Shortly before a RLDF policy call in July 2017, Louisiana Solicitor General Liz Murrill emailed RLDF to add an item to the agenda — a letter requesting the Health and Human Services Department give attorneys general the authority to investigate complaints of Medicaid fraud by beneficiaries. Seven Republican attorneys general ultimately signed the letter, which was sent in September.

Records show RLDF held at least seven policy conference calls with senior officials in attorneys general’s offices between June and November. Emails about four of the calls mentioned the Briefing Room.

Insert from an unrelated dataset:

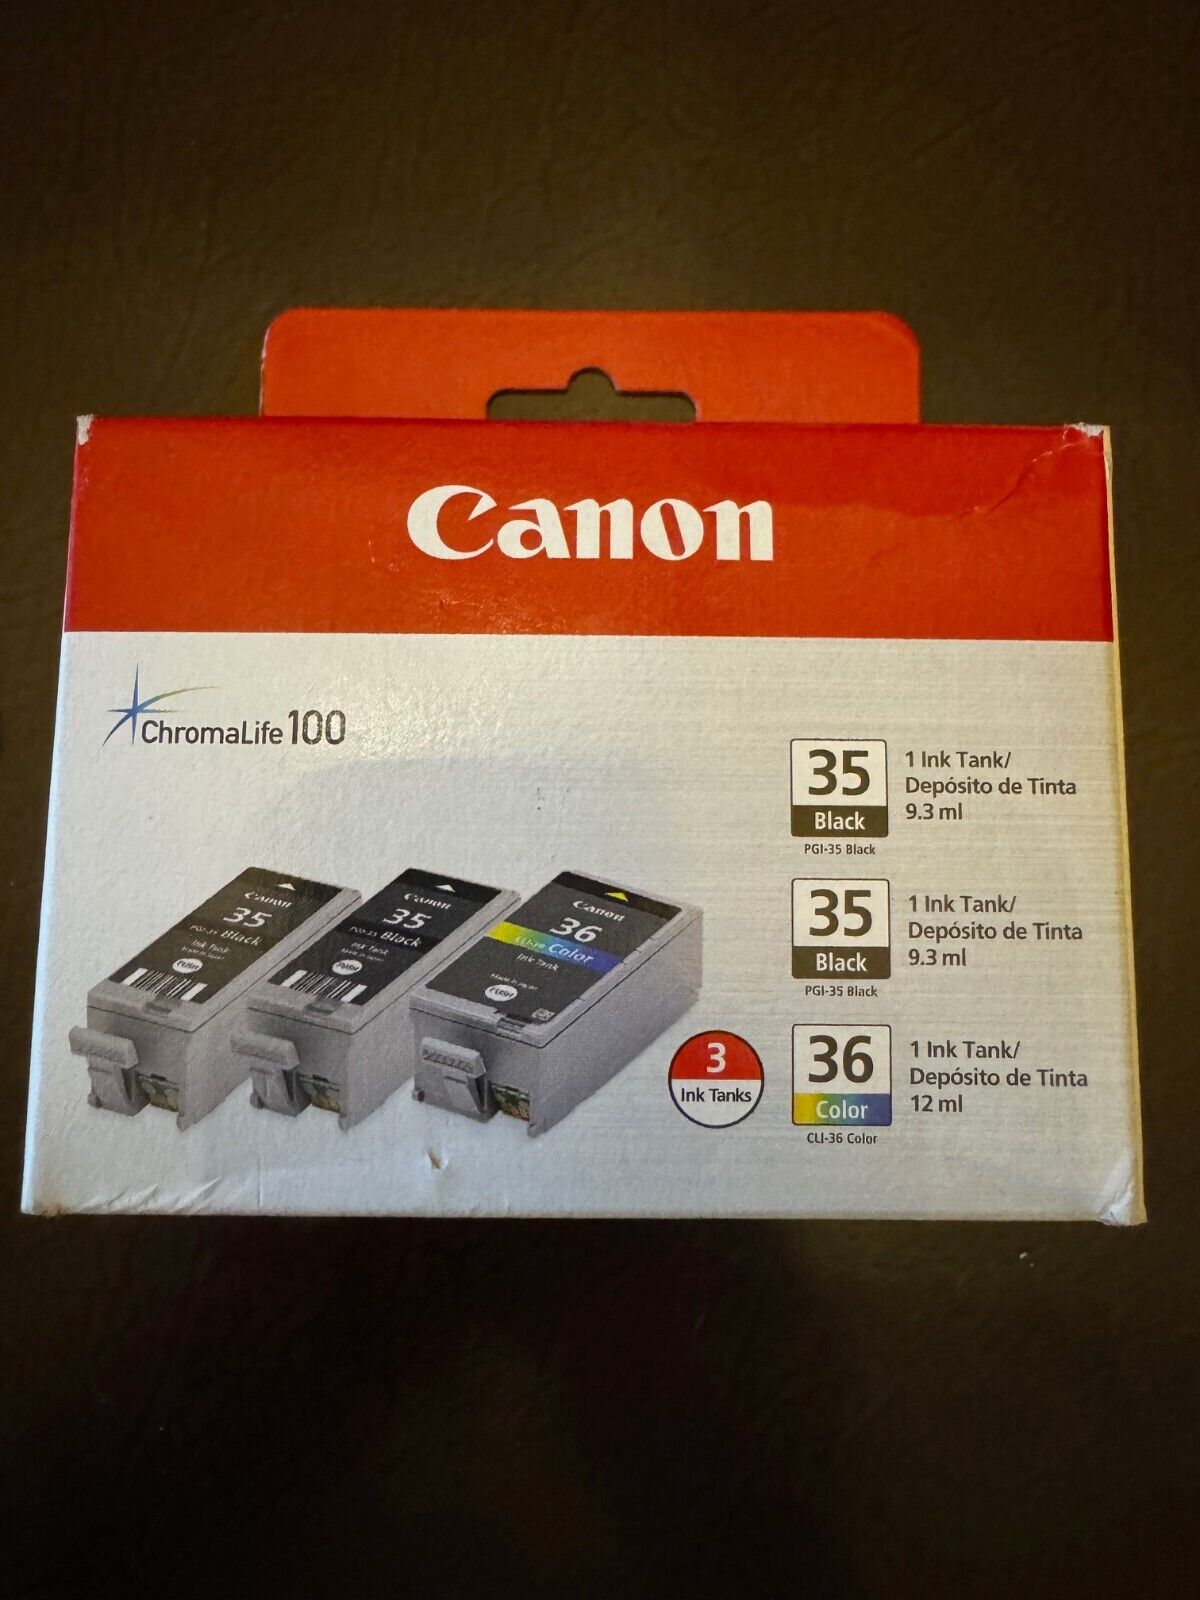 Canon ChromaLife 100 35-Black/35-Black/36-Color ink cartridges

MapLight and The Intercept found references to RLDF policy calls in emails provided by the Nebraska, Arizona, and Ohio attorneys general’s offices. The Nebraska and Arizona attorneys general’s offices rejected requests for any Briefing Room materials referenced in emails received by their officials, on the grounds that the files were not produced by their offices and were posted to a third-party website.

The Nebraska office notably declined to release copies of documents mentioned in a May 2017 email, received by the attorney general’s chief of staff, where RAGA’s policy director told state officials that new items had been added to the Briefing Room and provided them with direct links for each document.

Dan Tierney, a spokesperson for Ohio Attorney General Mike DeWine, said the office would not provide copies of materials posted to the Briefing Room because the bulletin board “is not operated by our office. Our staff generally neither accesses it, prints/saves copies of its content to place in our office records, nor uploads any documents to it.” Tierney added that “campaign organizations are separate from our public office and are generally not subject to the Ohio Public Records Act.”

“A Really Troubling Development”

“I think it’s a really troubling development,” said Anne Weismann, a lawyer for the watchdog Citizens for Responsibility and Ethics in Washington. “I think we’re seeing more and more how, at the federal and state level, public officials are trying to use new technologies to avoid responsibilities under record keeping and disclosure laws.”

The increasing secrecy around RAGA communications comes as RLDF has coordinated efforts to roll back federal regulations closely with the current administration, creating an organization of state officials to work with the White House.

Annie Donaldson, a special counsel to President Donald Trump and the chief of staff to the Office of White House Counsel, traveled to an RLDF conference in May in Charleston, South Carolina, ethics records show. RAGA paid more than $75,000 to host events at Trump family properties last year, including a dinner at Mar-a-Lago, the Palm Beach resort and golf club where the president has spent 52 days since taking office.

This story is a collaboration between The Intercept and MapLight, a nonpartisan research organization that tracks money’s influence on politics.